Amazon Simple Storage Service (S3) provides a simple web services interface that can be used to store and retrieve any amount of data, at any time, from anywhere on the web. It gives any developer access to the same highly scalable, reliable, fast, inexpensive data storage infrastructure that Amazon uses to run its own global network of web sites.

Getting Started

In our example, we use the second EC2 ephemeral storage device, c0d1p0 (c4d1p0 for OpenSolaris 2008.05, c3d0s0 for OpenSolaris 2008.11), to create a ZFS pool. We create filesystems within this pool for data that we want to restore for each new EC2 instance, and then save and restore the data using S3.

We use the S3 Sync command line tools listed in the references section to interface with S3. We assume the that reader has an AWS account and has a basic understanding of EC2, S3 and Solaris ZFS.

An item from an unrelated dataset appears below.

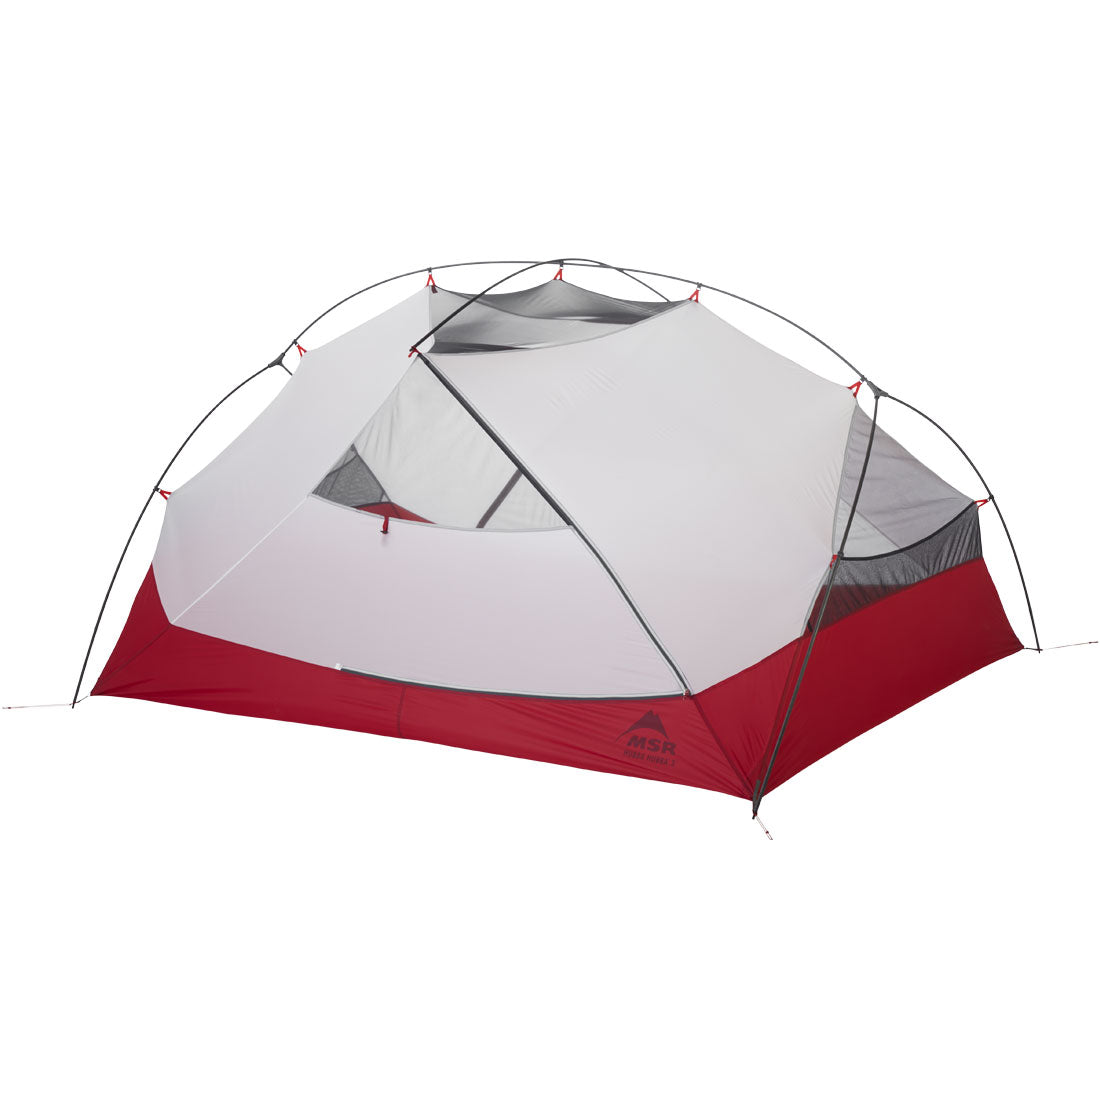 MSR (Cascade Designs) Hubba Hubba 3P Backpacking Tent

In this section we describe the steps necessary to get started using ZFS within the EC2 environment. For our example, we use the SXCE Build 79 32 bit image AMI:
ami-eb7a9f82. This example has been tested and works with any of the Sun provided Solaris AMIs, including OpenSolaris 2008.05.

Launch an instance of the Solaris AMI and login to the new instance.

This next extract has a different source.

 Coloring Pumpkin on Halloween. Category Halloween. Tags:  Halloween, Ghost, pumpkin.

bash# ec2-run-instances -k <my-key-pair> -t m1.small ami-eb7a9f82

bash# ec2-describe-instances | grep INSTANCE | cut -f2,3,4,6
i-196fb970  ami-eb7a9f82  ec2-75-101-225-153.compute-1.amazonaws-DOT-com  running

bash# ssh -i <my-key-pair-file> root-AT-ec2-75-101-225-153.compute-1.amazonaws.com
Last login: Mon Apr 28 02:24:21 2008
Sun Microsystems Inc.   SunOS 5.11      snv_79  January 2008

# bash -o vi

Download and install the S3 Sync tools. Install the tools in your preferred location. In our example, we use /usr/local/aws.

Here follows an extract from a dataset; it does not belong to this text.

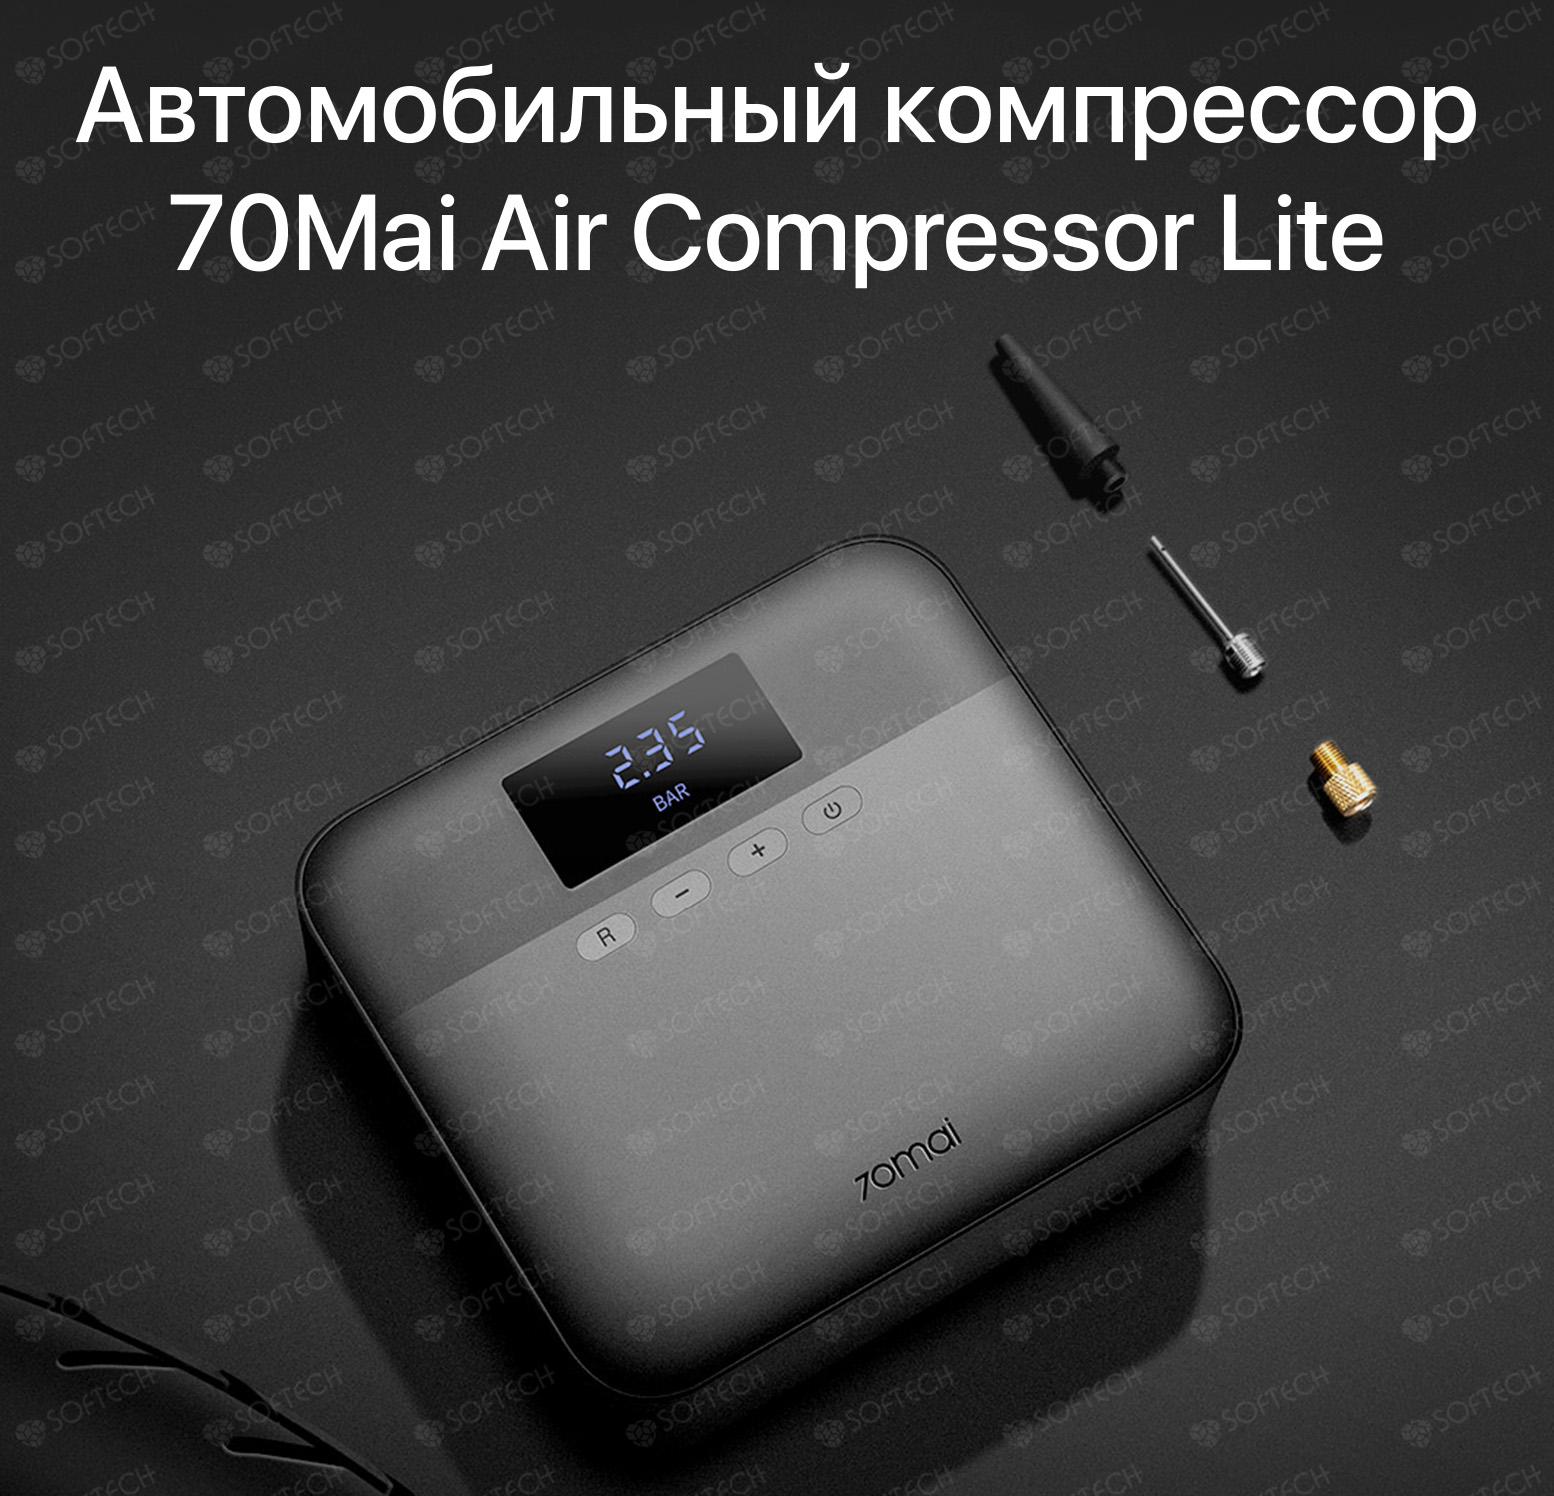 70mai air compressor midrive tp03

bash# mkdir -p /usr/local/aws
bash# cd /usr/local/aws

bash# /usr/sfw/bin/wget \\
  http://s3.amazonaws.com/ServEdge_pub/s3sync/s3sync.tar.gz
bash# gzcat s3sync.tar.gz | tar xf -
bash# cd /usr/local/aws/s3sync
bash# ln -s s3cmd.rb s3cmd
bash# export PATH=$PATH:/usr/local/aws/s3sync

Please note that there is an additional step required if you are using the OpenSolaris 2008.05 AMI. This AMI does not have ruby installed. Since the S3 Sync tools require ruby, we need to install ruby if using the OpenSolaris 22008.05 AMI.

bash# which ruby
no ruby in /usr/sbin /usr/bin /usr/local/aws/s3sync

bash# pkg install SUNWruby18
bash# which ruby
/usr/bin/ruby

Set the correct time, set your AWS environment variables, and create a S3 bucket to store your saved ZFS snapshots.

bash# ntpdate 0.north-america.pool.ntp.org
bash# export AWS_ACCESS_KEY_ID=<my-aws-access-key>
bash# export AWS_SECRET_ACCESS_KEY=<my-aws-secret-access-key>
bash# s3cmd createbucket <my-bucket-name-for-zfs-snapshots>

We are now ready to create our ZFS pool and a few file systems. Logged in to the instance created and setup with the steps above, do the following.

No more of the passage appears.